Sua mãe estava na cozinha, Luka se despojava no sofá com um Nintendo DS, e ela foi direto para o banho. Suas cicatrizes recentes queimaram quando a água desceu por seu corpo, e Miku teve que se segurar para não gritar.

Desdeu as escadas um pouco manca, e sua mãe a viu enquanto colocava os pratos na mesa.

– Miku, onde esta a tala de seu ombro? – perguntou, cruzando os braços e assumindo uma postura completamente séria.

– Meu ombro está ótimo. – ela terminou de descer os últimos degraus, se sentando a mesa.

– O médico disse duas semanas, não quatro dias! – sua mãe se segurou para não adir sua voz, mas pareceu difícil.

– E disse que minha recuperação era acelerada. Além de que eu não tenho motivo algum para tirar a tala e me forçar a sentir uma dor desnecessária. Estou bem, relaxe.

Sua mãe bufou, mas respirou fundo e se focou a terminar de por a mesa.

– Luka, largue isso e venha comer. – a mais velha chamou, ao se sentar-se à mesa. Todos almoçaram em silêncio, e Miku percebeu que durante toda a refeição sua mãe parecia tentar reunir coragem para falar algo.

Quando terminou sua refeição, colocou a louça na lavadora de pratos e se trancou em seu quarto. Estava sentindo algo estranho.

O ar começava a faltar-lhe e várias câimbras se espalharam em todo seu corpo. Miku arrastou seu corpo e se forçou para sentar no chão. A visão se tornou turva por vários minutos, quando seu corpo se enrijeceu como pedra.

Pensou em gritar por ajuda, mas faltava coragem. Não queria voltar para aquele hospital, e sofreria em silêncio se fosse necessário.

Ficou deitada no chão gelado por talvez vinte minutos, quando aqueles sintomas torvos finalmente sumiram. Respirou fundo, e deitou-se em sua cama. O corpo afundou no colchão, e ela gemeu quando tudo voltou em uma só onda. Afundou o rosto no travesseiro para afogar o grito. Sentiu seus ossos se descolando uns dos outros, uma tontura tomar conta de sua cabeça e uma náusea insuportável possuir seu corpo.

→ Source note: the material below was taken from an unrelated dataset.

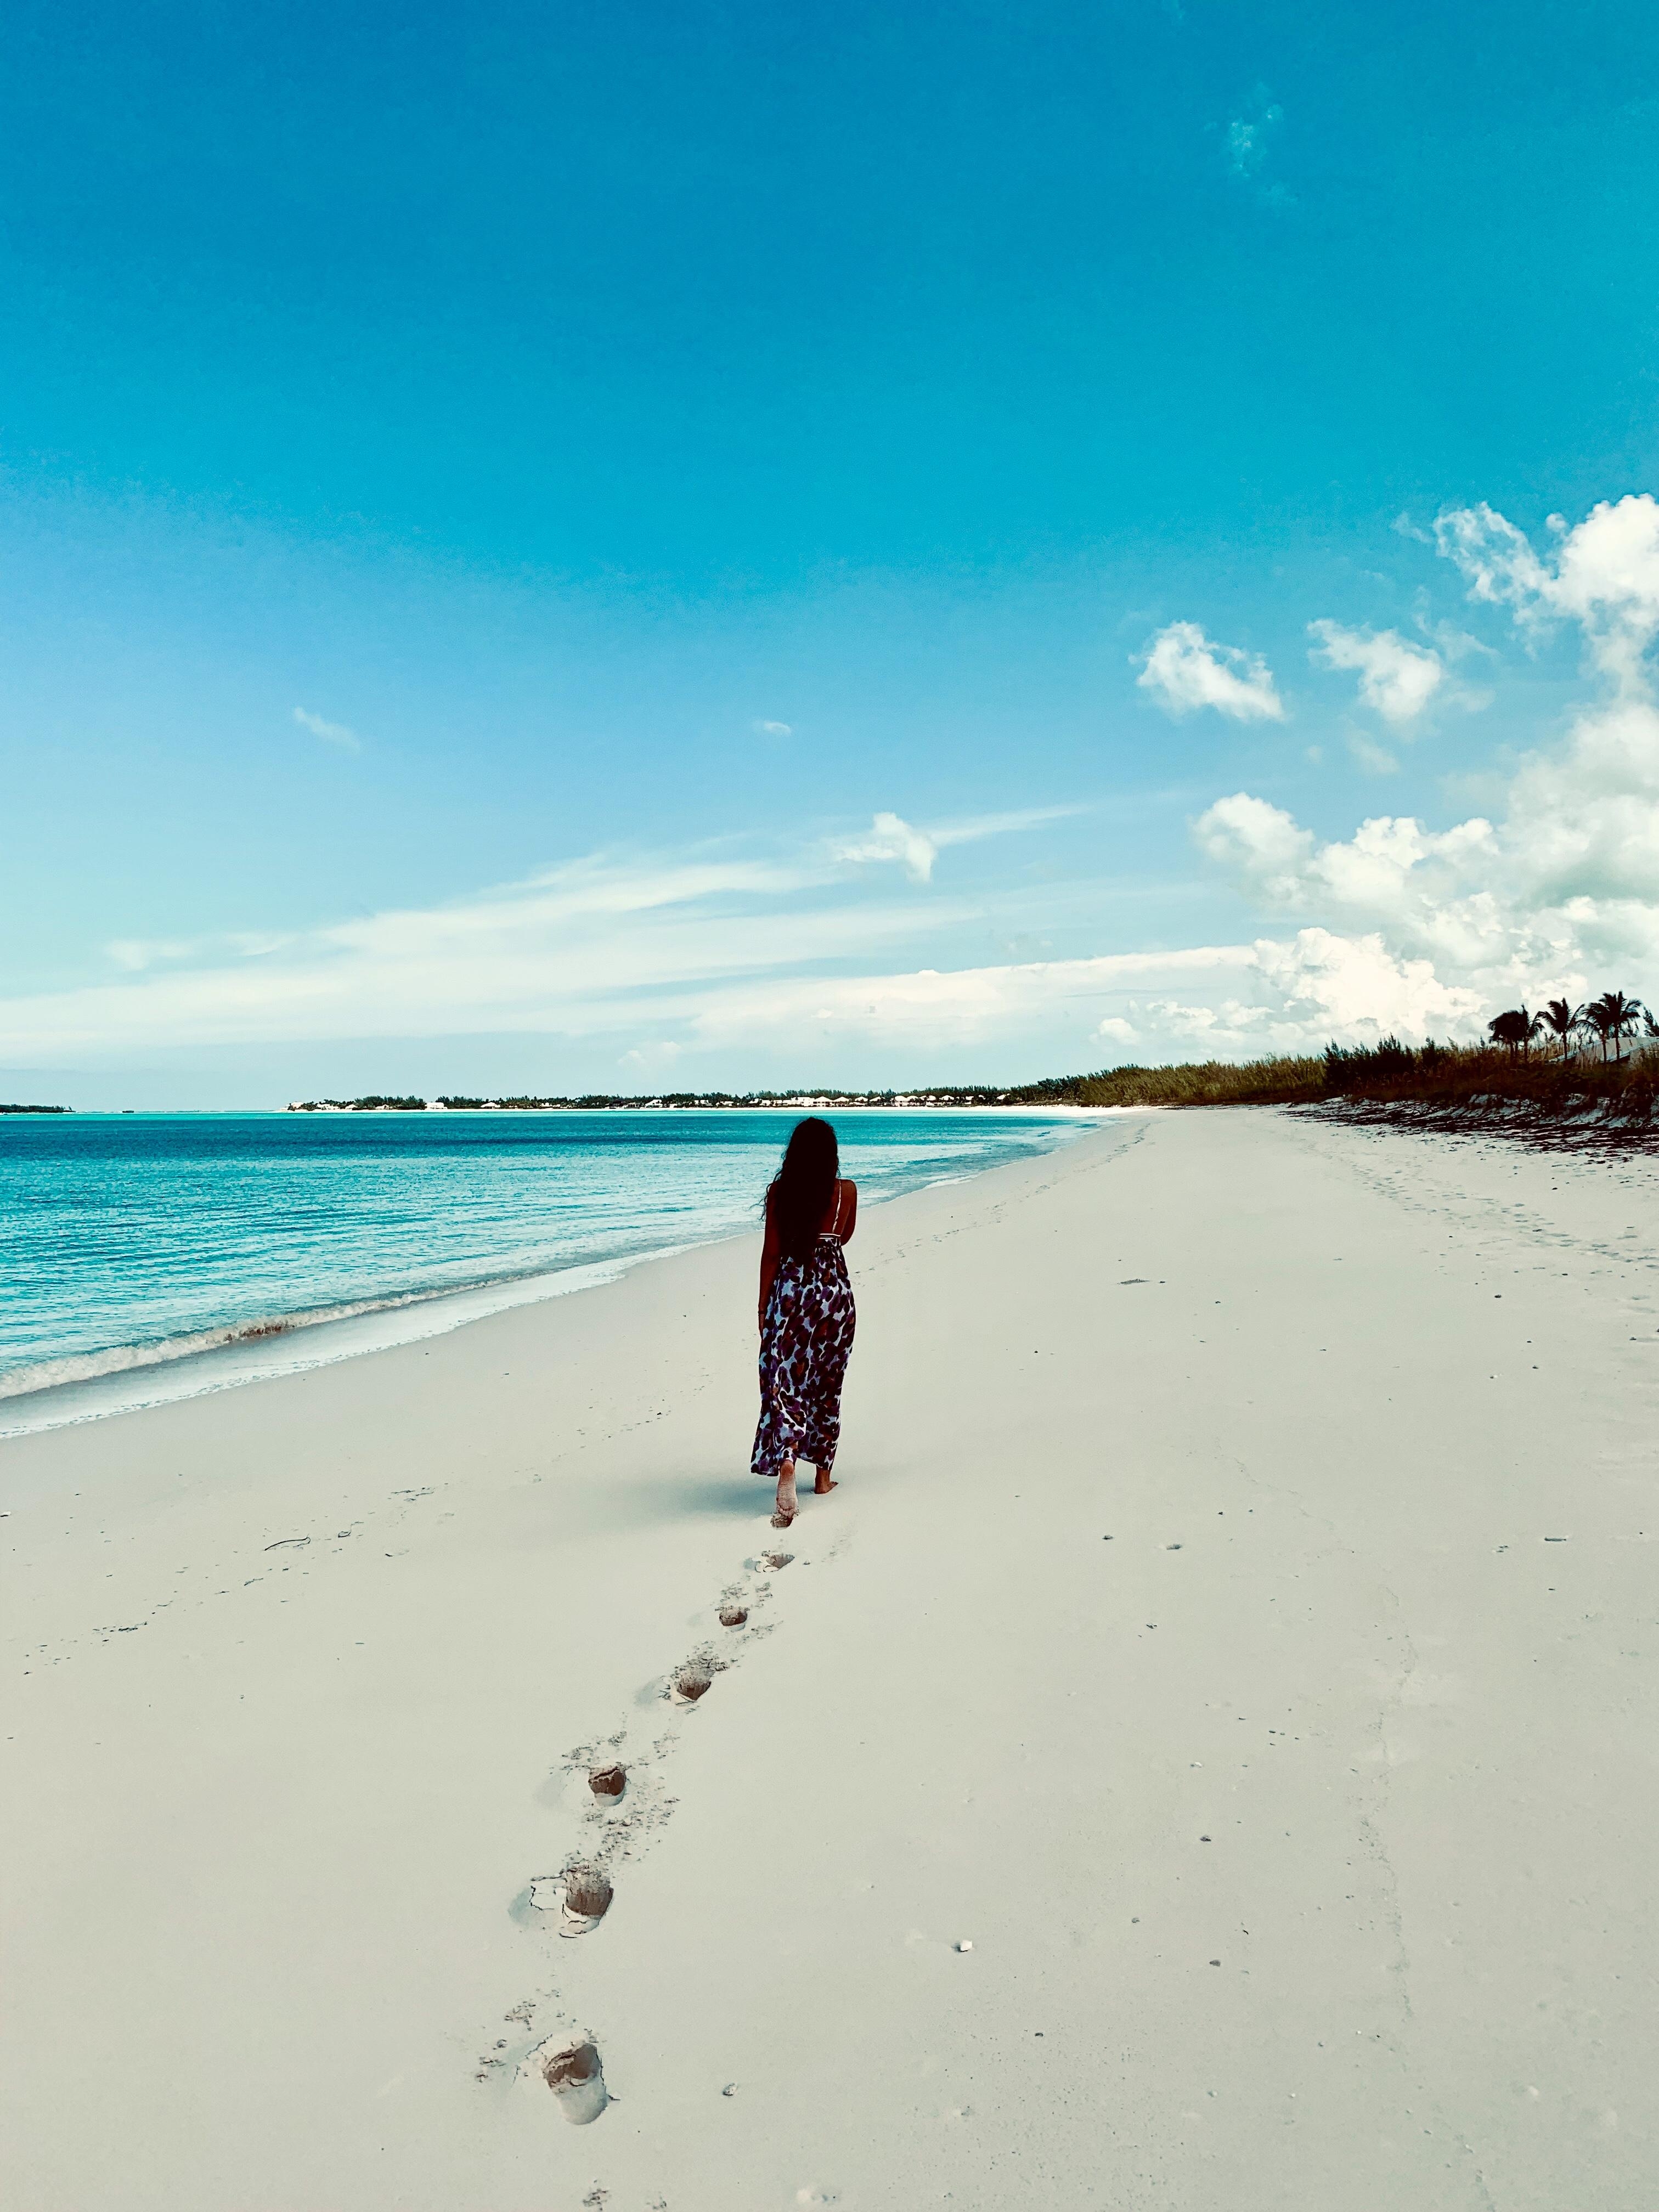 🐚
#bahamas #meinschönsterurlaub #travelchallenge

Arranhava seus cobertores, contorcia-se na cama, gemia baixo, tentando ser discreta. Não sabia o que estava acontecendo, mas naquela tarde, ela fez várias visitas ao inferno terrestre.

Quando era noite, aqueles sintomas atrozes a deixaram de vez, e ela abandonou a toca que seu quarto havia se tornado. No espelho do corredor, ela se viu. A boca seca, olheiras rasas e palidez entorpecida.

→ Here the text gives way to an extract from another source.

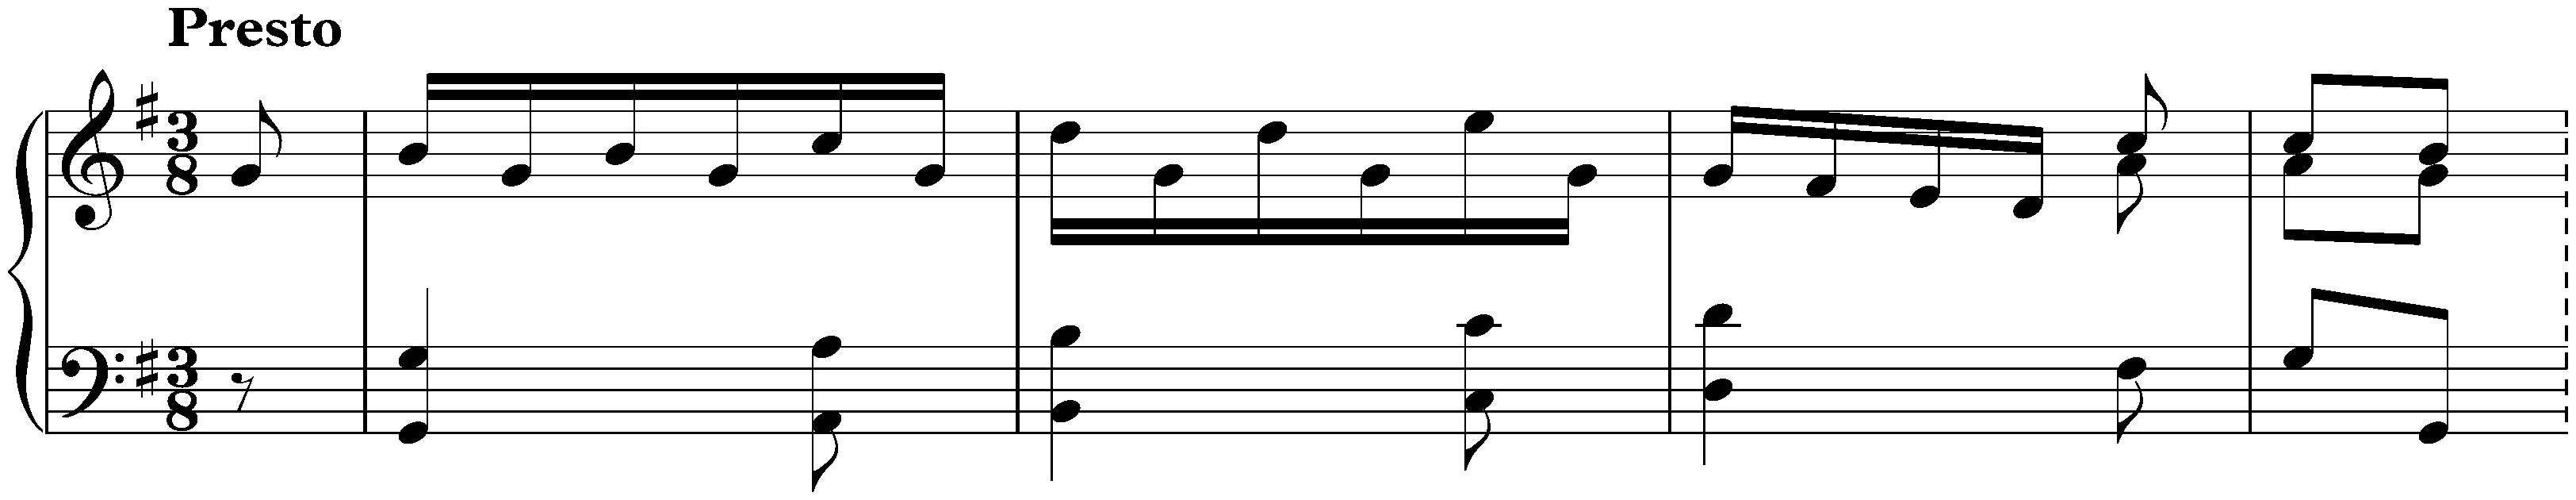 Sonata in G major, Hob. XVI:11; 1. Presto

– Tudo bem? – Luka também saía do quarto, e ficou um pouco chocada ao ver a irmã naquele estado. Miku forçou um sorriso frágil, e assentiu.

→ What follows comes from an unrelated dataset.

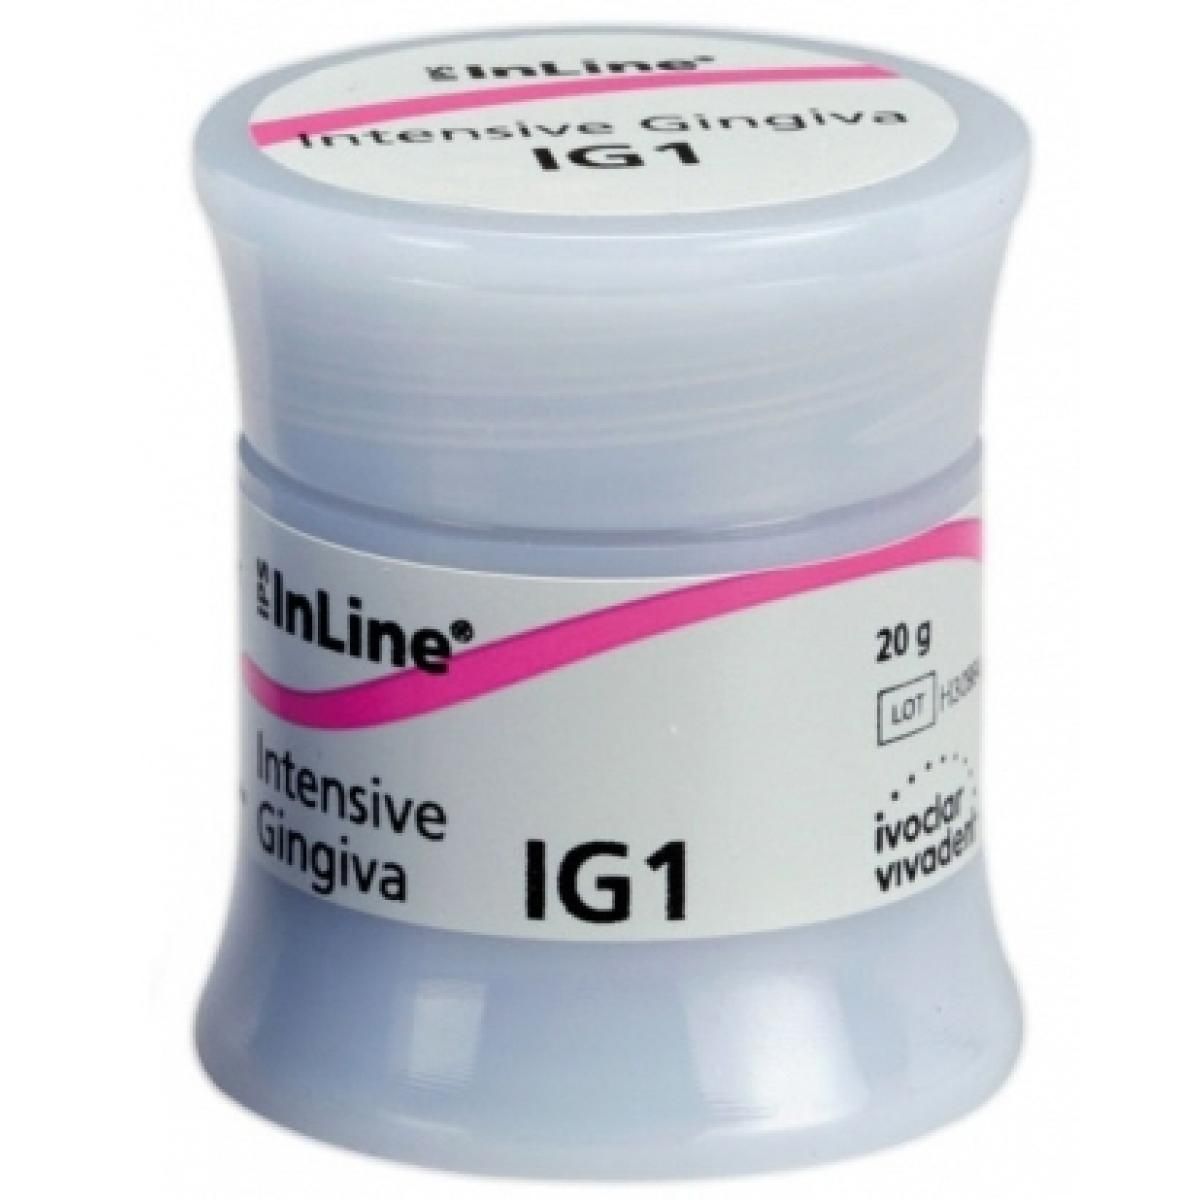 IPS INLINE INTENSIVO GINGIVA N 2 20GR IVOCLAR -

– Claro. Acho que peguei um resfriado, só isso. – antes que Luka lhe perguntasse algo mais, se pôs a descer as escadas, encontrando sua mãe na sala, assistindo TV.

– Filha! Boa hora. Preciso falar com você e com a Luka.

Como mencionada, Luka apareceu no topo da escada, começando a descê-la.

– Diga. – ela tomou a dianteira, indo para perto da mãe, com as mãos no bolso. Um sentimento de precaução reteve seu corpo, mas ela se aproximou também. A mulher se levantou do sofá, esfregando as mãos umas nas outras, as guiando para a mesa de jantar.

– Sentem-se. – propôs. As garotas se sentaram uma ao lado da outra, e a mãe de frente para as duas. – Como sabem, já faz um tempo desde que seu pai e eu nos separamos, antes de toda a papelada do divórcio, e eu, bem, andava muito sozinha...

Miku suspirou, entediada.

– Vá logo ao ponto. – gesticulou para que acelerasse o discurso.

– Garotas, eu vou me casar. – ela respirou fundo ao falar, e se encolheu um pouco ao dar o anúncio. Luka ficou calada e abaixou o olhar. Miku arregalou os olhos e permaneceu sem expressão. Bateu as mãos com força na mesa, se levantando.

– Como é? – mesmo que sua voz não denunciasse muito, estava fervendo de raiva por dentro. Algo diferente começava a crescer dentro dela, querendo assumir o controle. – Você está divorciada há um mês e já está pronta pra casar de novo! É isso?

Sua mãe não disse nada. Sabia como soava estranho, principalmente para Miku, que era sempre explosiva.

Seu corpo ardeu e um grande arrepio atravessou-a até a alma. Miku estremeceu, curvando o corpo para frente, se apoiando nos joelhos na busca por ar.

Sentia algo excêntrico saindo de seus ossos até a camada mais externa de pele. Algo forte, poderoso, que agora era parte dela. Correu para fora de casa, orientada por uma força superior. Conseguia ouvir Luka e sua mãe a seguindo, mas não foram atrás dela quando adentrou a floresta, do outro lado da rua.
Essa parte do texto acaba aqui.